> [Task to complete]:
Transcribe all the data below exactly, leaving its pictures out.

___ Supplied material ___

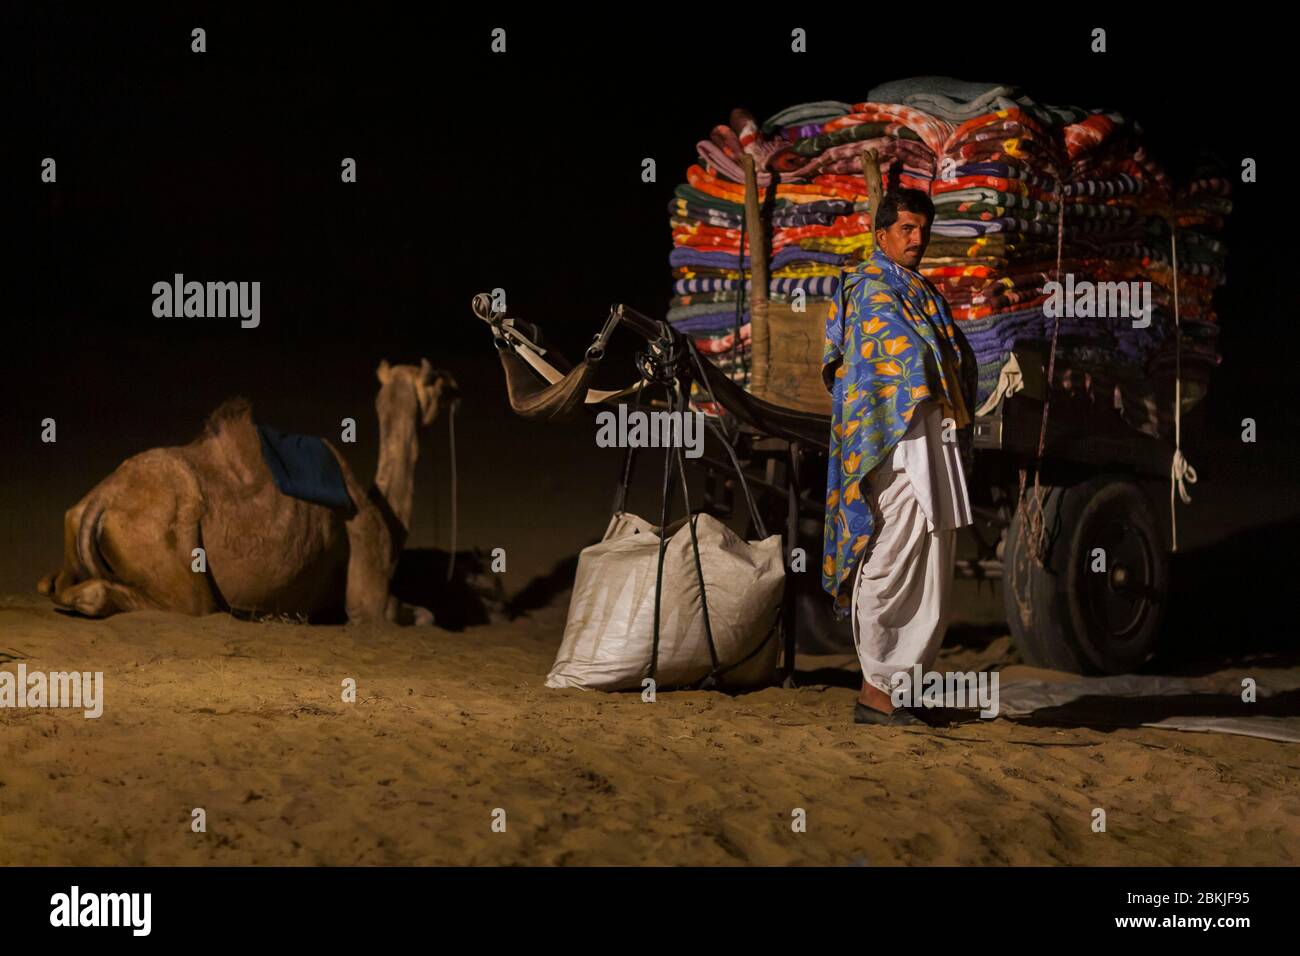 India, Rajasthan, Bikaner, Camel Festival, carpet seller getting ready to spend the night in the desert Stock Photo
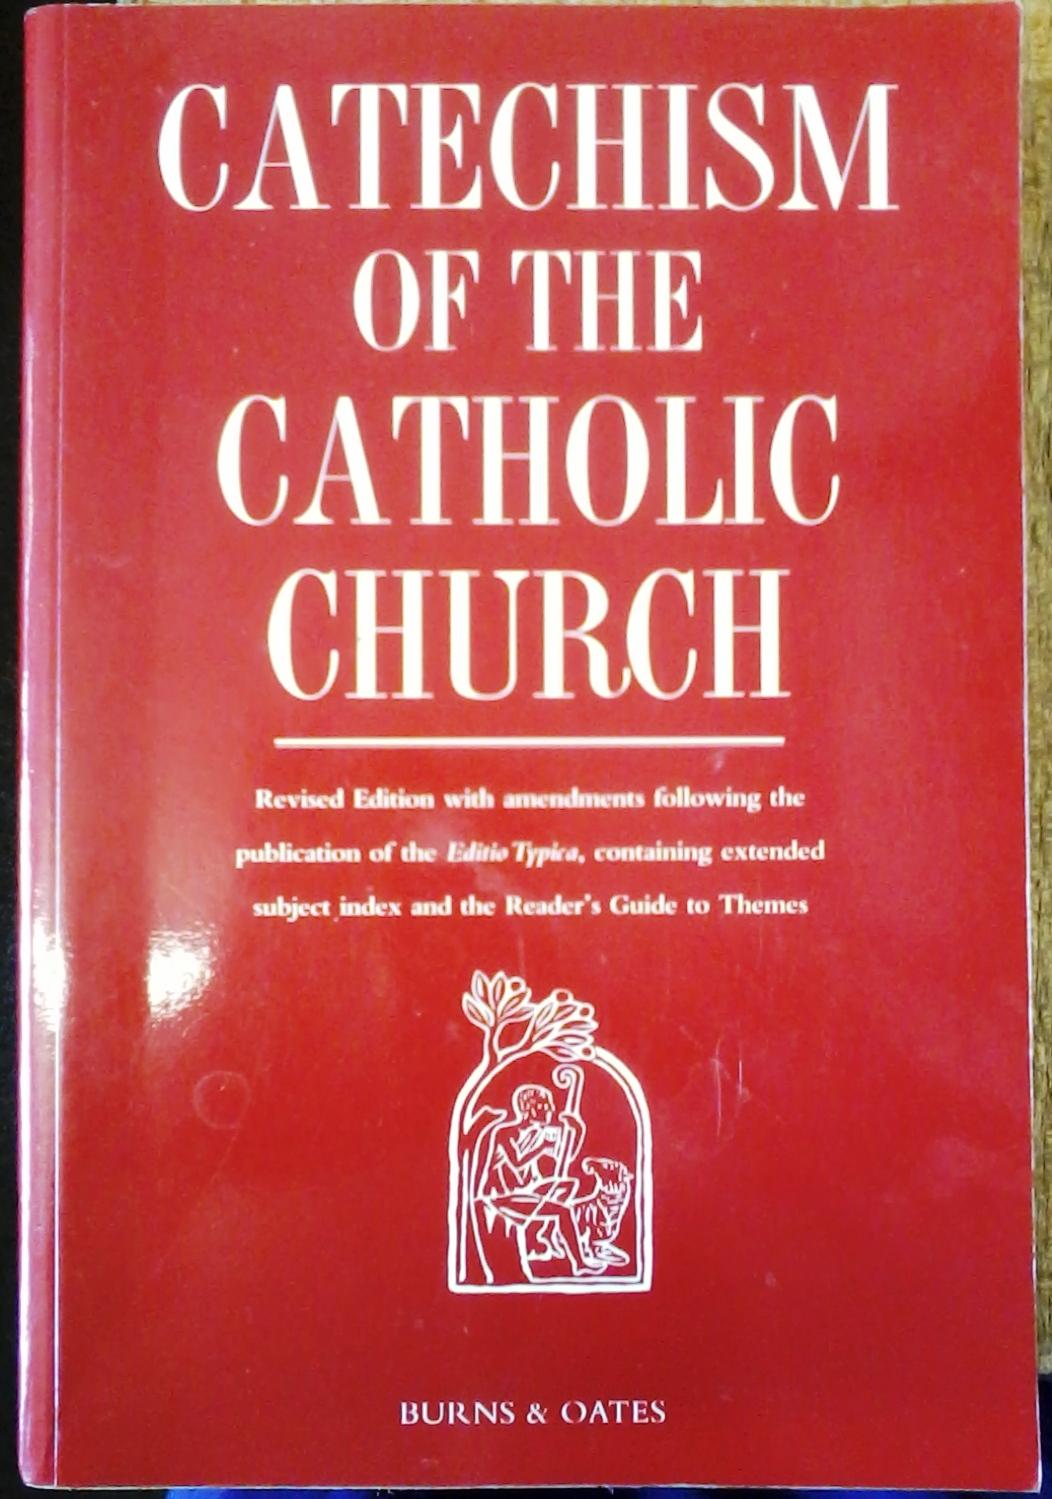 catechism of the catholic church
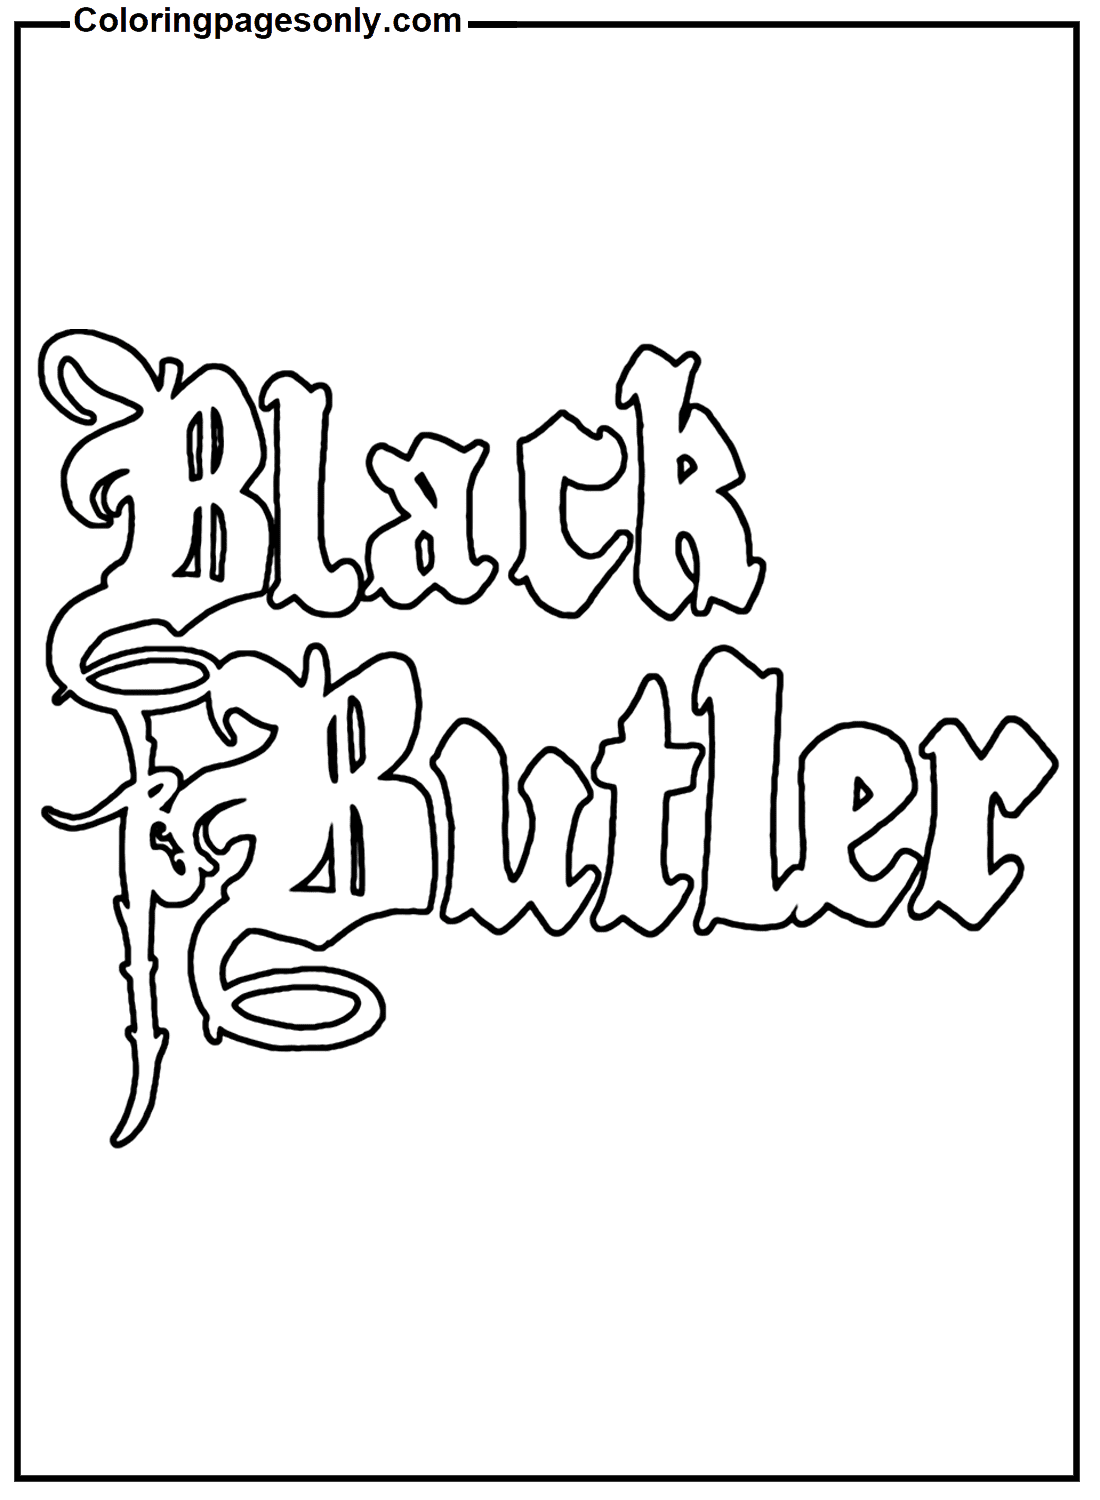 Black Butler 标志 Coloring Page

___

> [Exercise result]:
 India, Rajasthan, Bikaner, Camel Festival, carpet seller getting ready to spend the night in the desert Stock Photo
 catechism of the catholic church
 Black Butler 标志 Coloring Page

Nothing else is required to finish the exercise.